The output should contain the listing word for word and no pictures.

Dataset extract
= = = = = = =

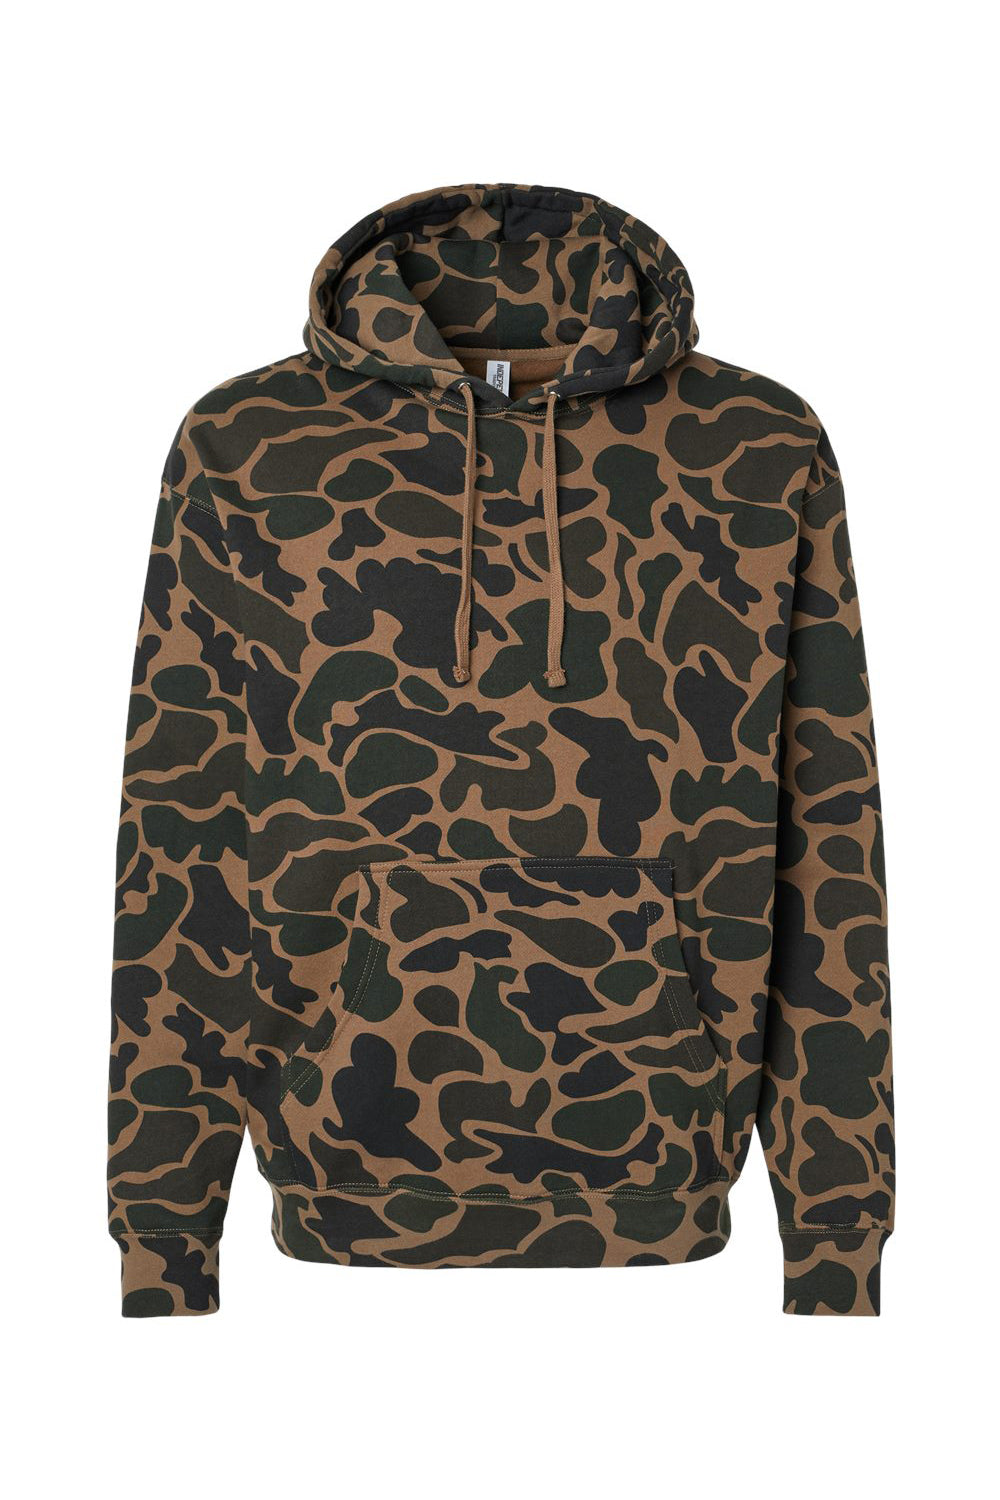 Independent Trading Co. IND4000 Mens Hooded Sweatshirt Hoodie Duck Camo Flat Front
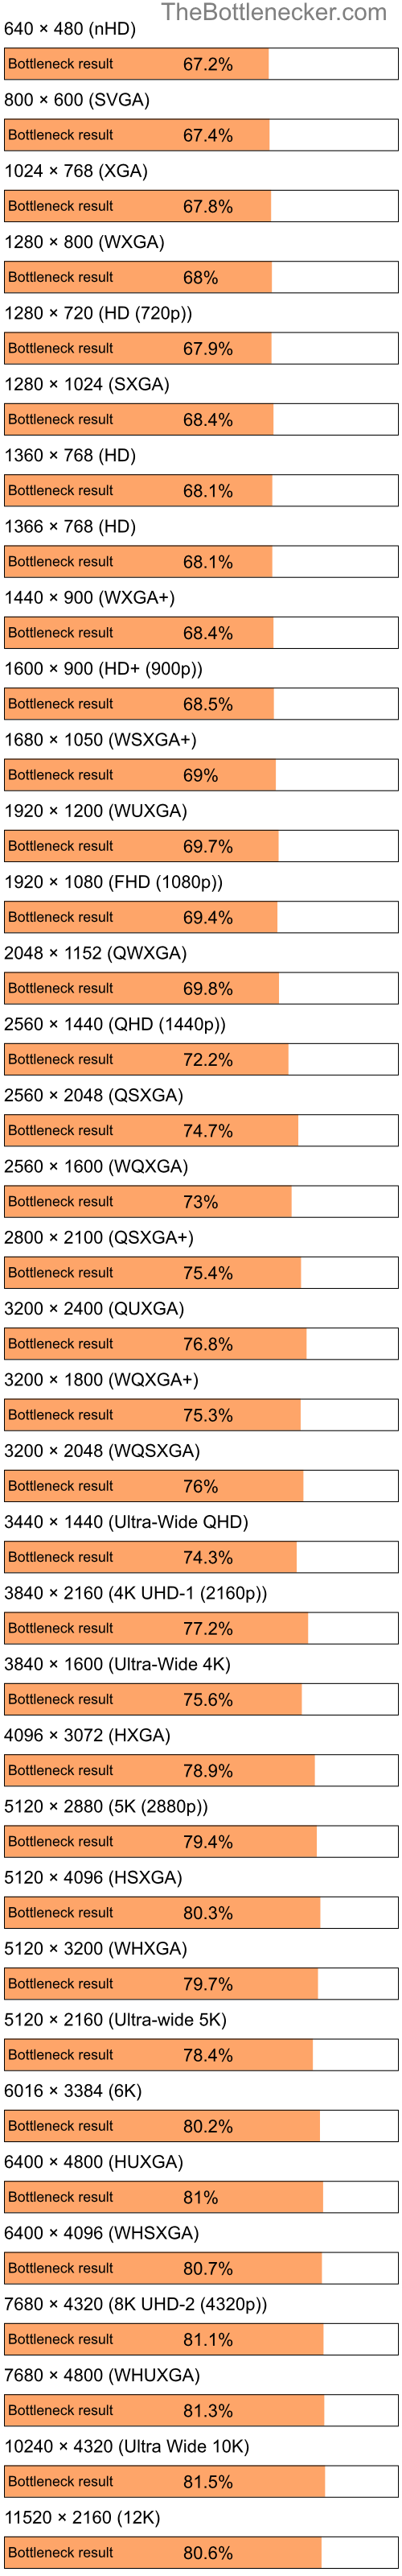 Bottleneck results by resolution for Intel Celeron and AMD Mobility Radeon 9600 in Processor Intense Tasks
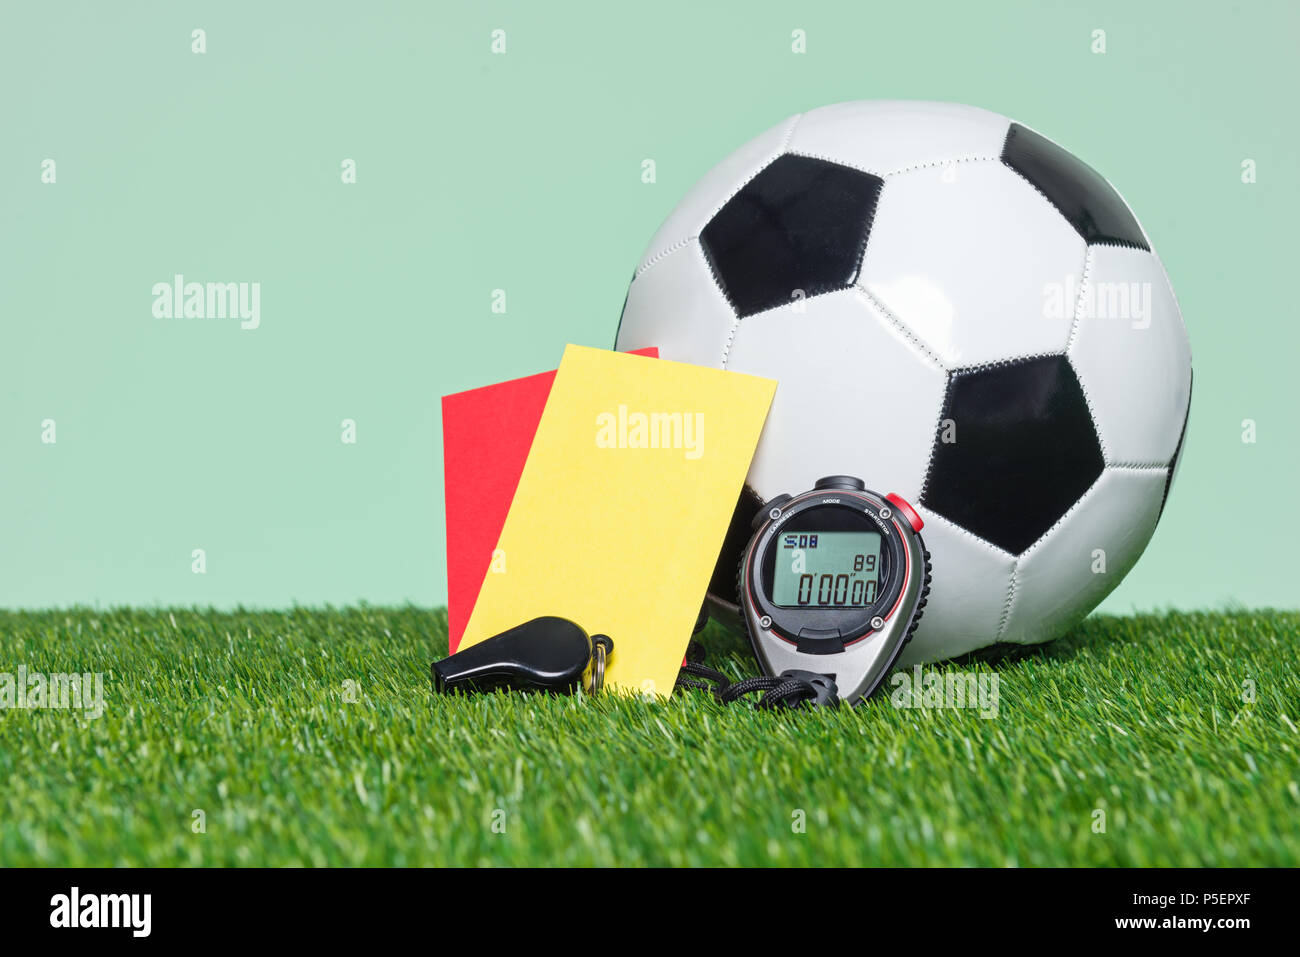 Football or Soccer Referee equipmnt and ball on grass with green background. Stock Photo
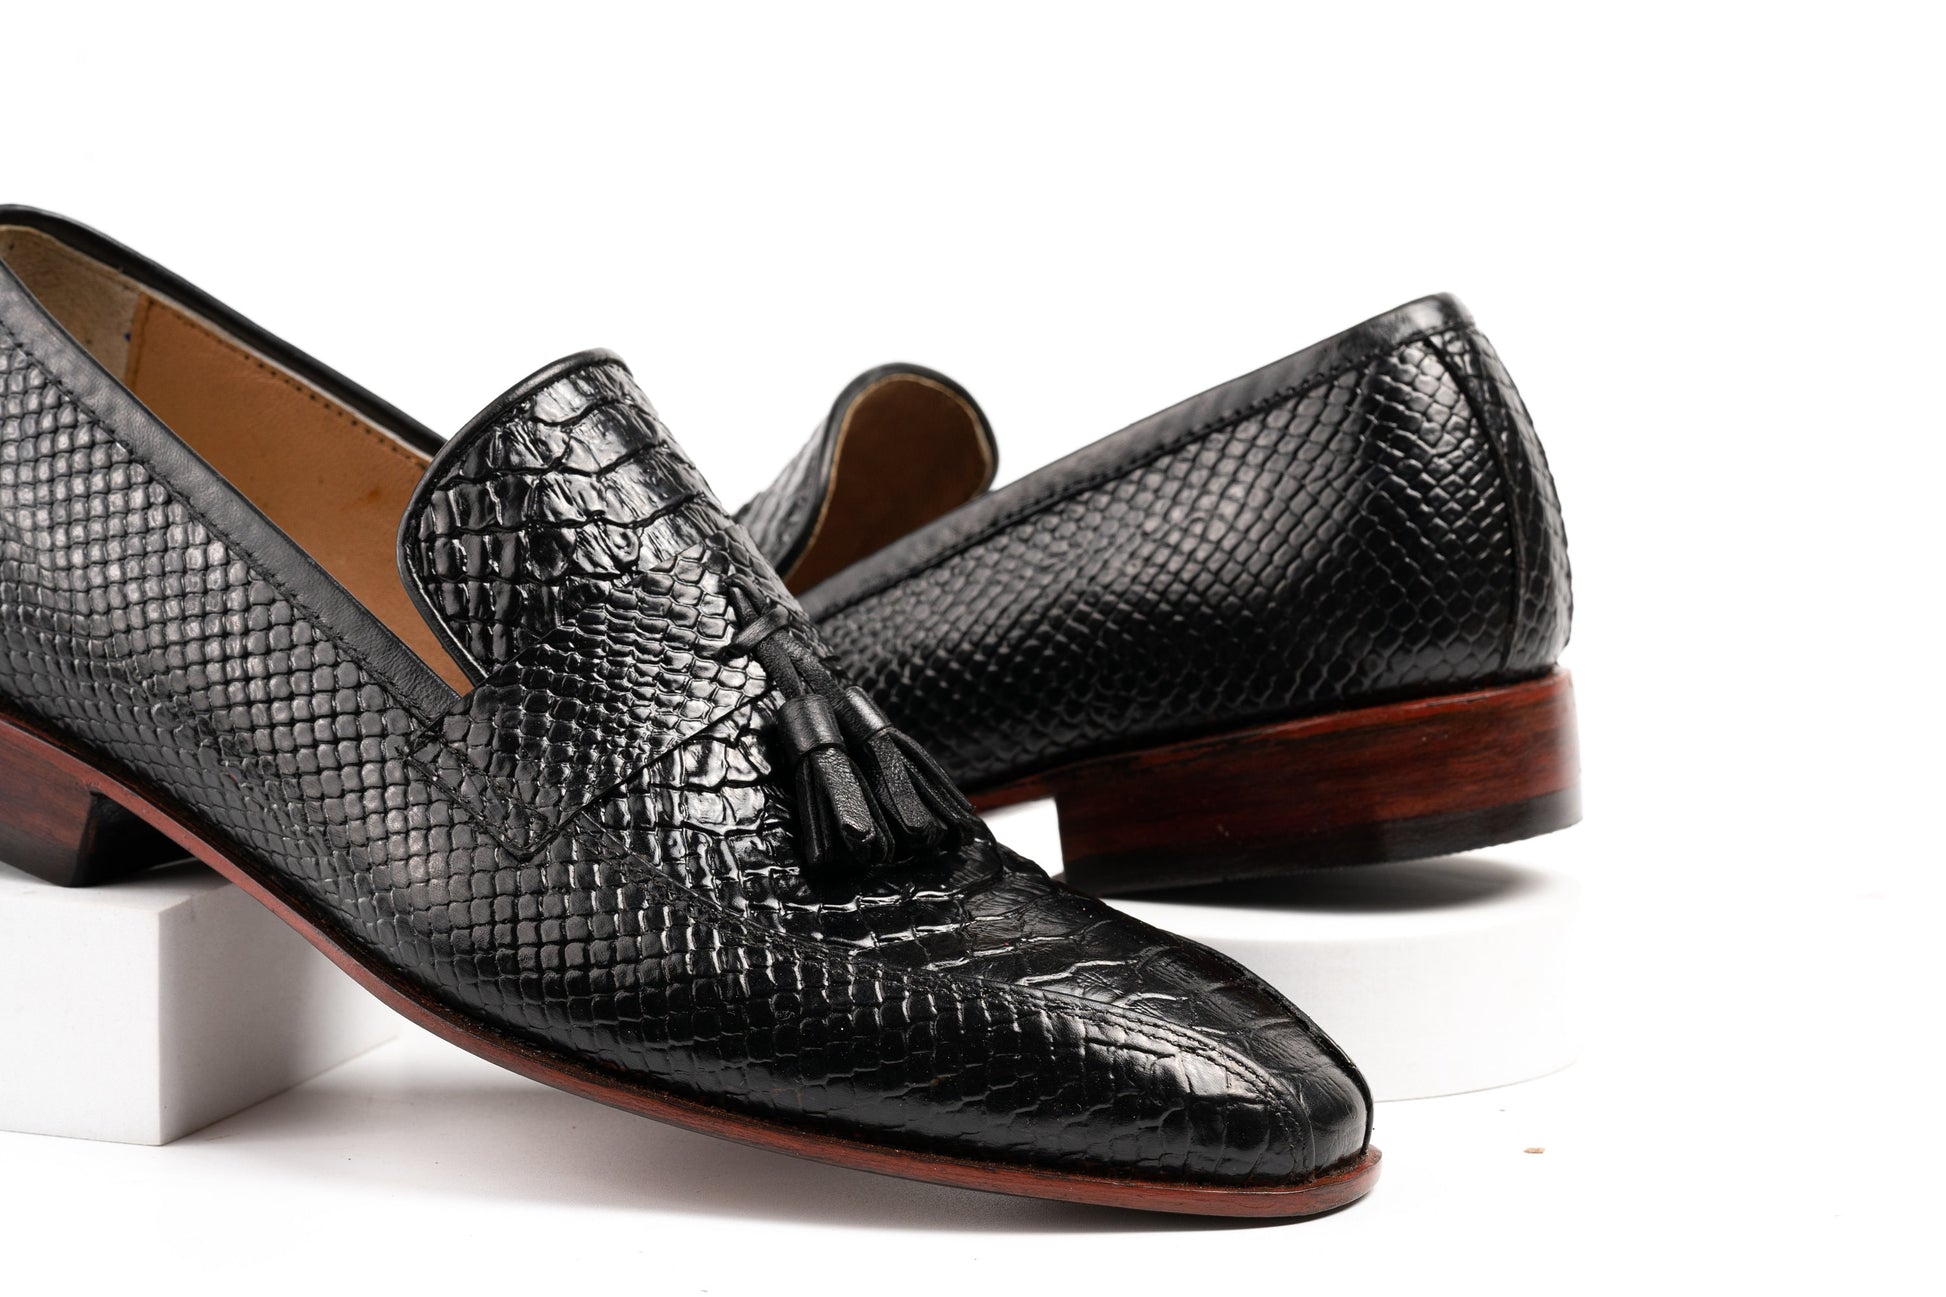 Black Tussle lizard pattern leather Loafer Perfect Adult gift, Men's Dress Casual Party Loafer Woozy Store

= = = = = = =

Answer below
 Independent Trading Co. IND4000 Mens Hooded Sweatshirt Hoodie Duck Camo Flat Front
 Bottleneck results by resolution for Intel Celeron and AMD Mobility Radeon 9600 in Processor Intense Tasks
 Football or Soccer Referee equipmnt and ball on grass with green background. Stock Photo
 Black Tussle lizard pattern leather Loafer Perfect Adult gift, Men's Dress Casual Party Loafer Woozy Store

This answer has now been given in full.